'''
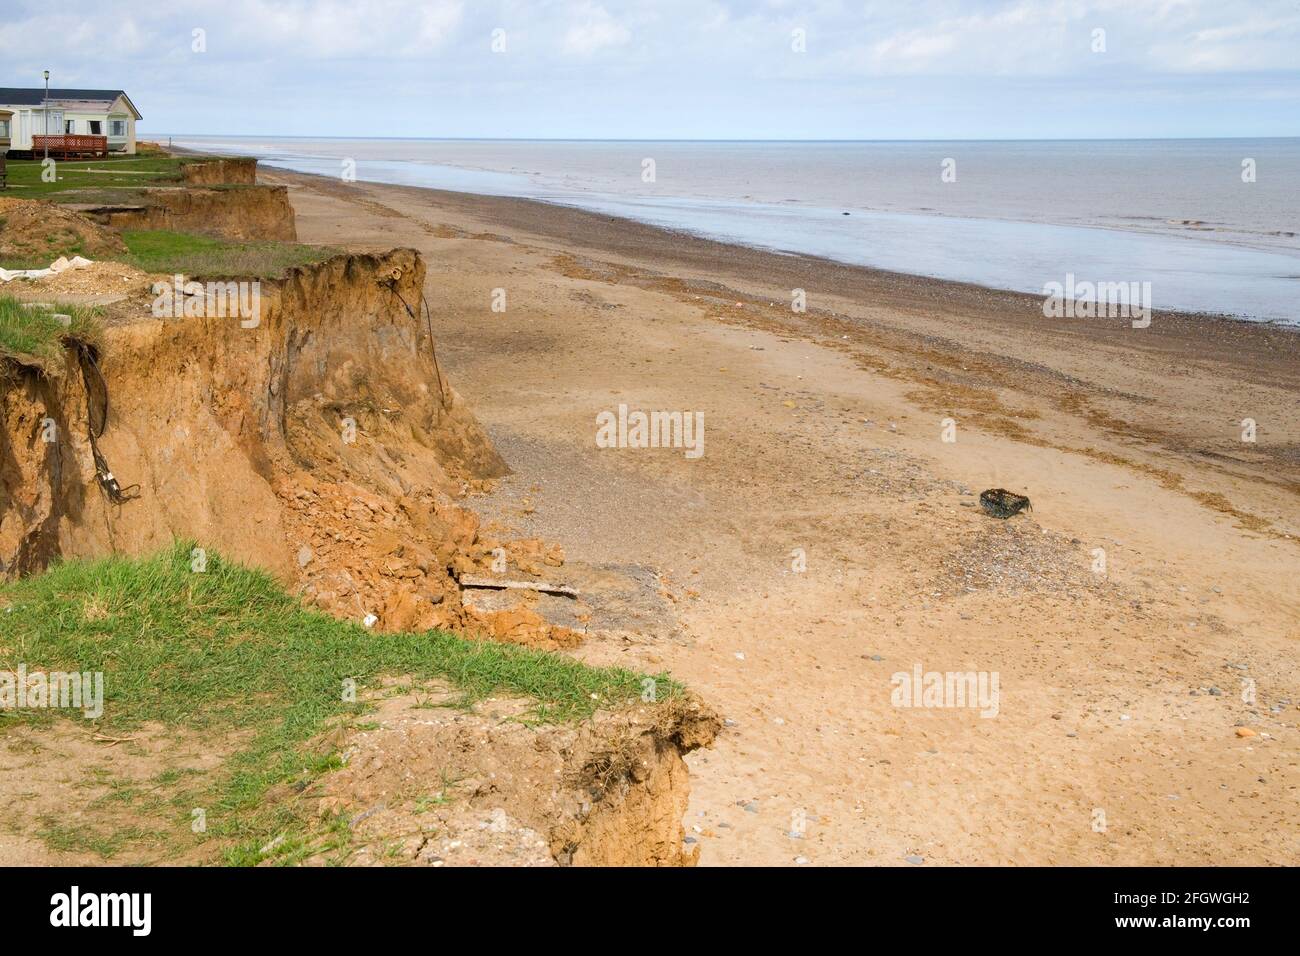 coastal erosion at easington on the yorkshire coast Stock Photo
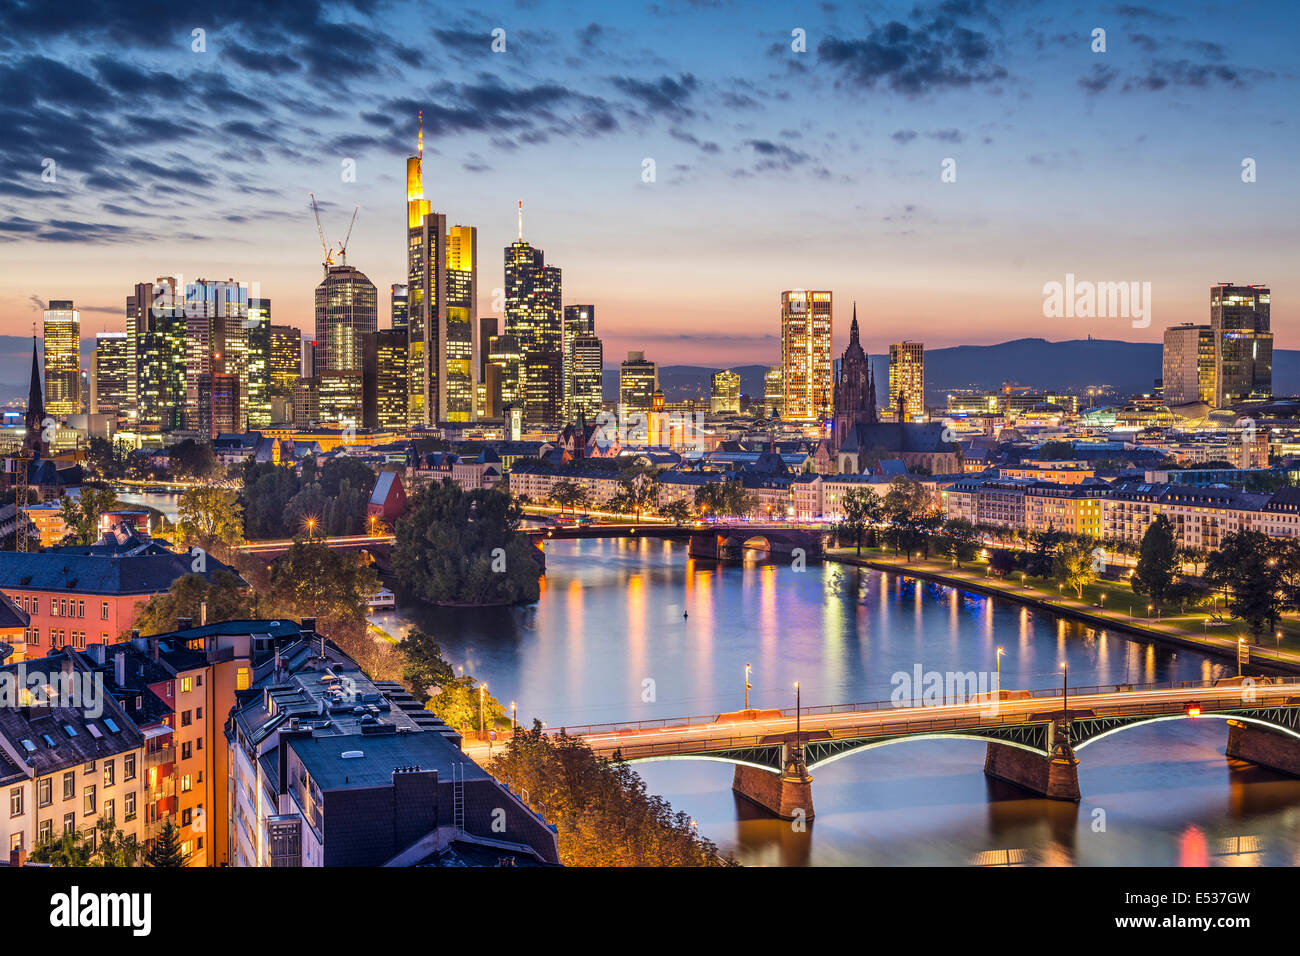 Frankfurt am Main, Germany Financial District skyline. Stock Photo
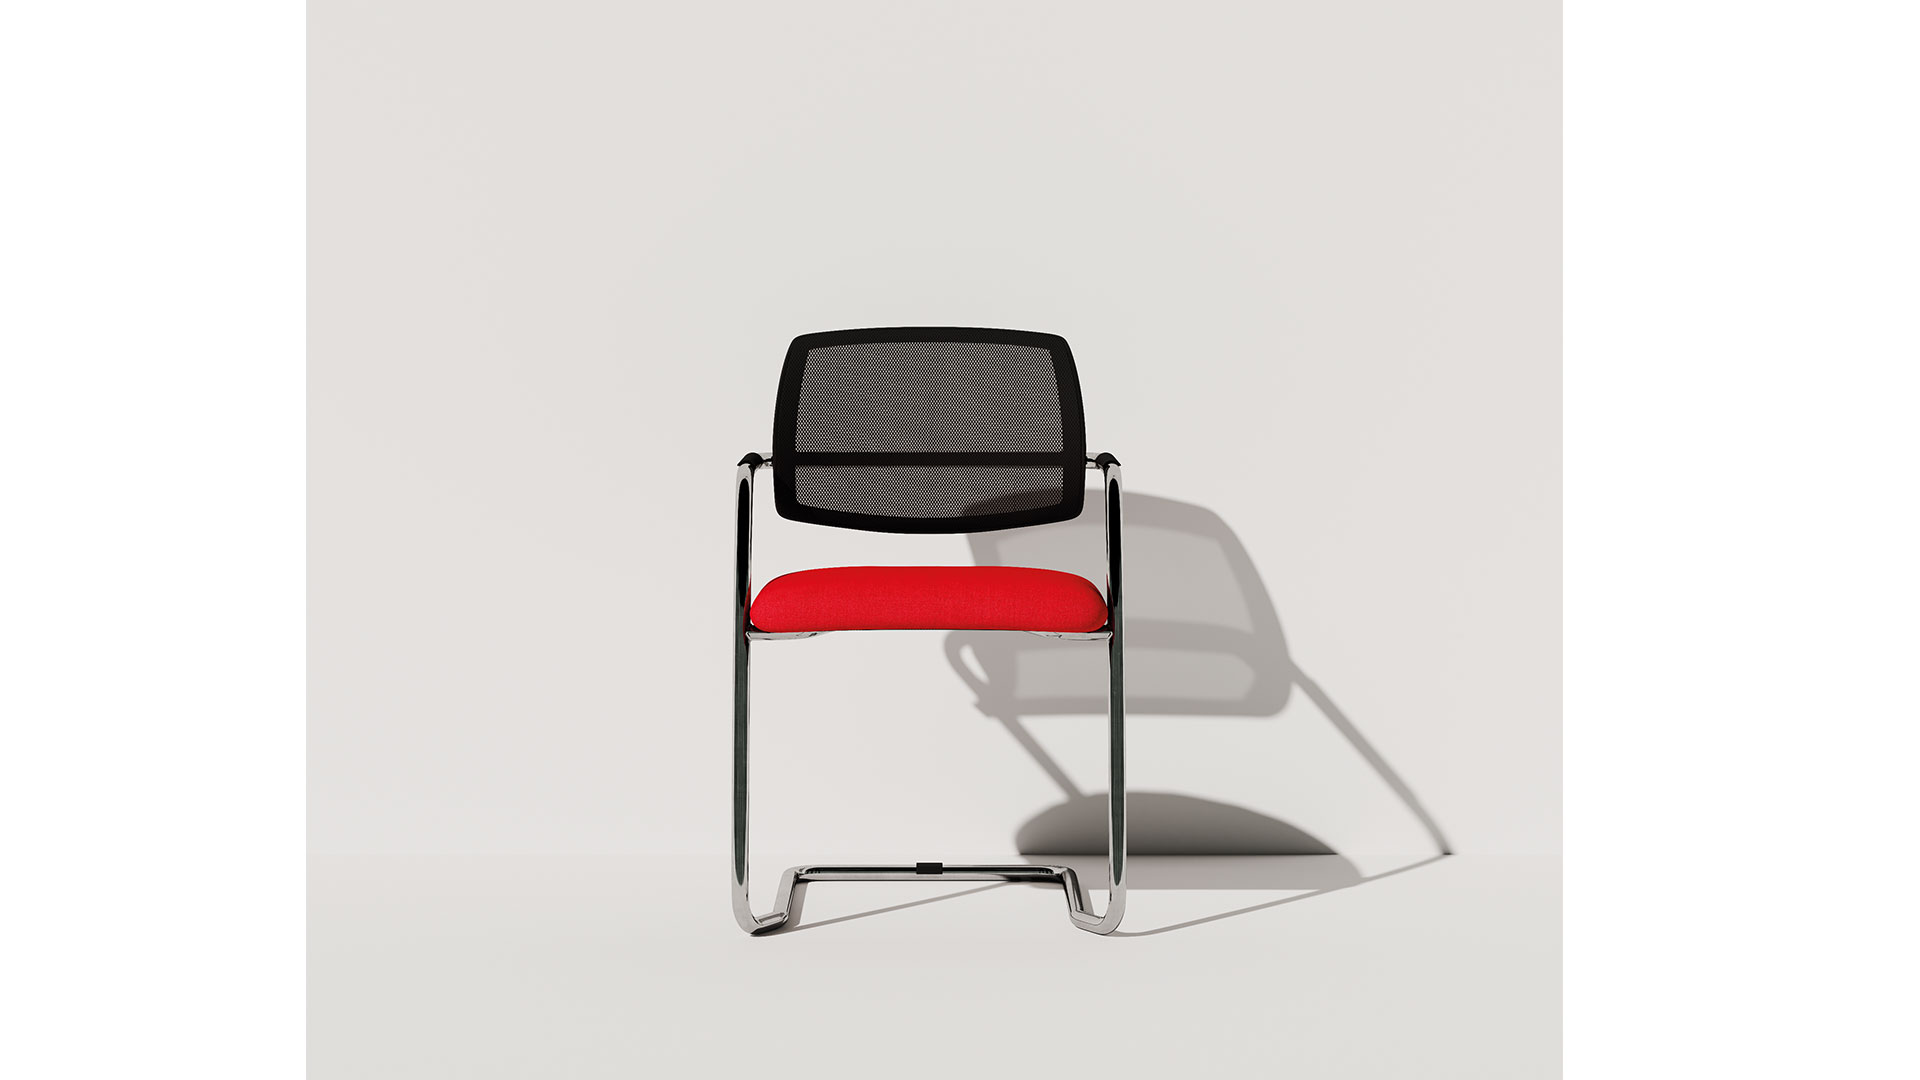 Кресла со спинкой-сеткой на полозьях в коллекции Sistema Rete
'''
### What you need to do
Your task is to reproduce exactly the lines from the one that holds "Frankfurt am Main, Germany" to the last line of the listing, and only those, omitting the pictures.

### Task response
 Frankfurt am Main, Germany Financial District skyline. Stock Photo
 Кресла со спинкой-сеткой на полозьях в коллекции Sistema Rete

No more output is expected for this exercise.